The current protein craze and popularity of protein-rich diets like Atkins and Paleo has boosted demand for protein-enriched beverages. Growing consensus on the importance of getting enough protein in one’s diet in order to keep the body strong and healthy has meant that the appeal of protein as a functional component has expanded beyond the domain of weight trainers and those who are concerned about muscle loss. Genie Juicery, a Hong Kong fresh juice startup company, offers ready- to-go raw vegan protein shakes ($75) that are naturally sweetened with the likes of banana and medjool dates.

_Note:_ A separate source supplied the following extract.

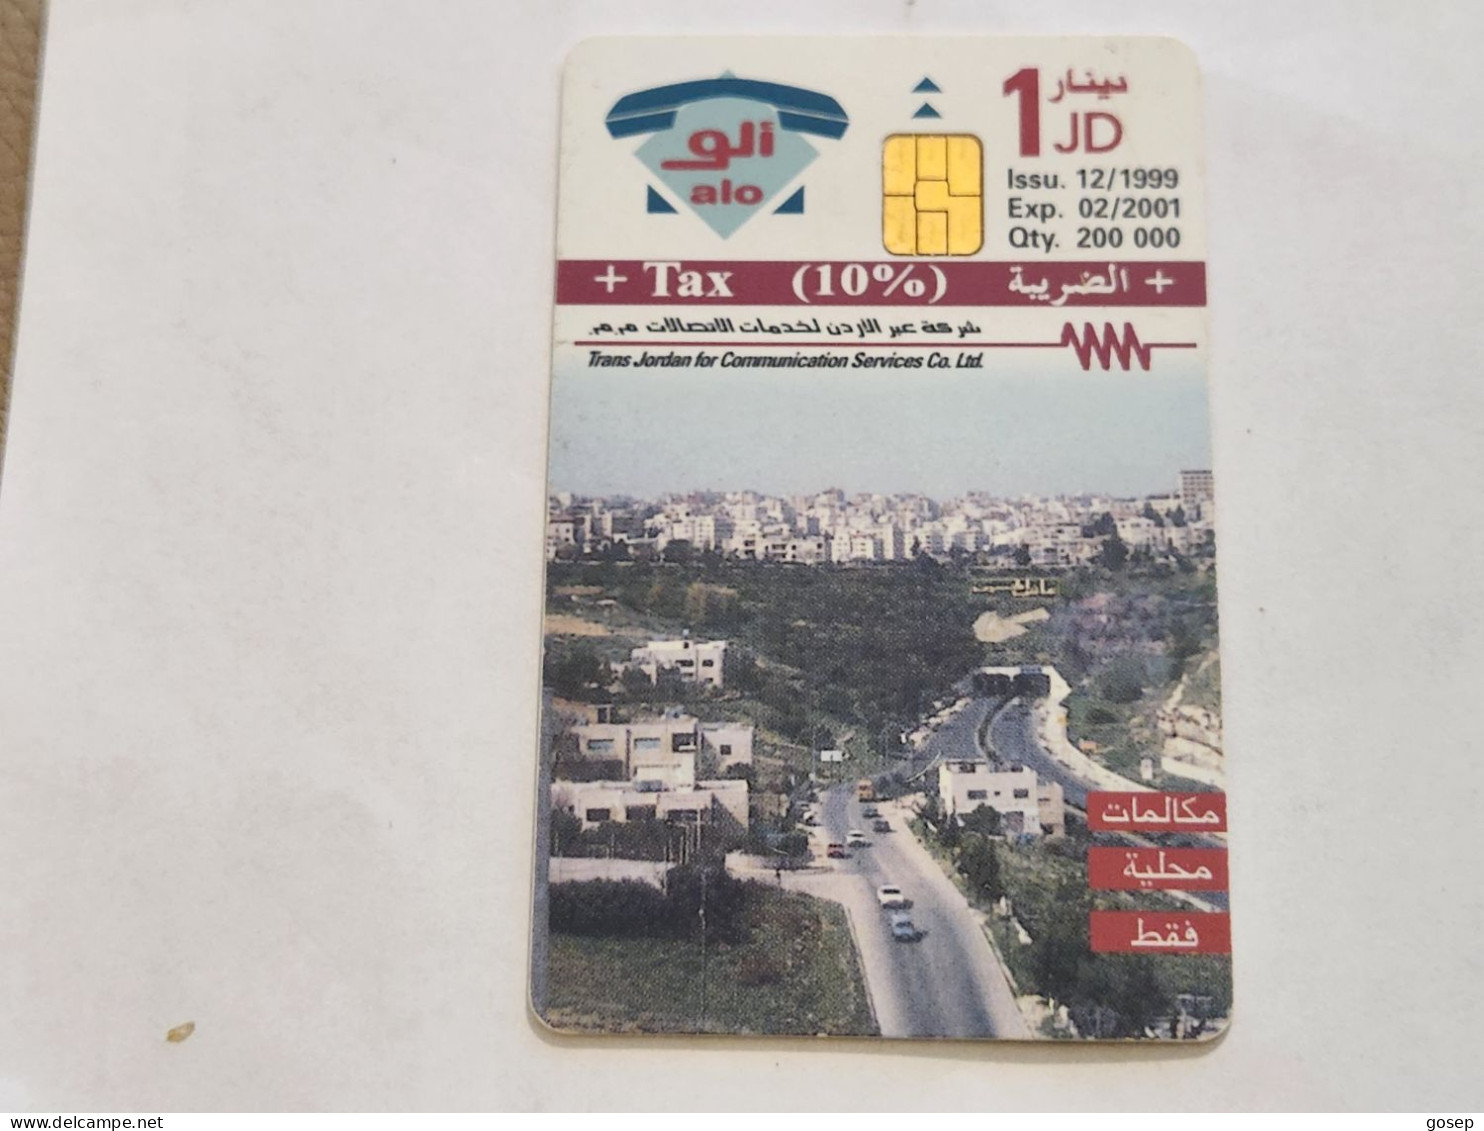 JORDAN-(JO-ALO-0073)-The Cave-Amman-(194)-(1003-399317)-(1JD)-(02/2001)-used Card+1card Prepiad Free - Jordanien

Like protein drinks, energy drinks have been looking to expand their customer platform beyond the fitness community, marketed as being able to improve performance, concentration and endurance in all areas of life. Their aim is to be the first option considered when people feel overworked or are staying up late. While a huge market in the US, they have largely been seen in Asia besides Japan and Korea but have been evolving and rapidly expanding in recent years. However, the inherent safety risks of overly
caffeinated beverages, high sugar contents and prominence of artificial ingredients in popular brands has by no means made history in health stakes. Which is why new entrants such as clarity/smart energy ($35-39) are giving energy drinks a new image, focusing on all natural ingredients without artificial additives, and sourcing caffeine from natural sources.
Recently launched in Hong Kong, clarity comes packaged in 60ml bottles for on-the-go convenience and is loaded with vitamins, antioxidants and fermented papaya, providing a healthy energy boost for a clear mind and an energised body to help stay alert.
The premium hydration segment has gained increasing popularity as health and wellness orientated consumers seek out beverages which provide increased hydration. While it is not a new phenomenon, with Gatorade and Vitamin water dominating the market, today’s enhanced and functional waters are far superior to previous products, which were often high in calories and sugar. High-alkaline water has been one of the fastest-growing segments in this category and is created by the removal of low pH ions. The result is a cleaner, less bitter, tasting product that can be absorbed into the body more quickly and effectively. An example is Anything But Salads, a Hong Kong startup café, which has their own brand of Alkaline Water’s ‘Joy’ ($25). The product has been cleansed with sacred herbs and was activated by healing crystals in the holy waters of Tirta Empul, the sacred water temple in Bali.
Probiotics broadly refers to the positive microorganisms in the human body that aid in digestion and general gut health. Studies have shown that the state of your gut health is a determinant of your overall health. Common benefits include the prevention of disease, alleviation of symptoms of inflammable bowel disease (IBS), and enhancing immune system. While dairy-based beverages have been the most common vehicles for probiotics, intolerances to lactose and cholesterol content has paved the way for other bases such as tea and fruit juices to be an alternative medium for probiotics. Taboocha is a new Hong
Kong local kombucha brew, available in seven flavours, it is made from organic Chinese tea and organic raw cane sugar. Kombucha is a centuries-old Eastern beverage, made from the fermentation of beneficial bacteria and yeast in tea and has gained popularity due to its unique ability to offer probiotic benefits in a naturally carbonated tea beverage – a healthy alternative to your regular soda pop.
Driven by hectic lifestyles, as well as growing health awareness to ones general wellbeing, the FF beverage market will only continue to grow in Hong Kong. It is predicted by Euromonitor that a constant value CAGR of 2% is predicted over the next few years and we believe these will mainly be driven by beverage startup companies looking to fulfill the demand of niche markets.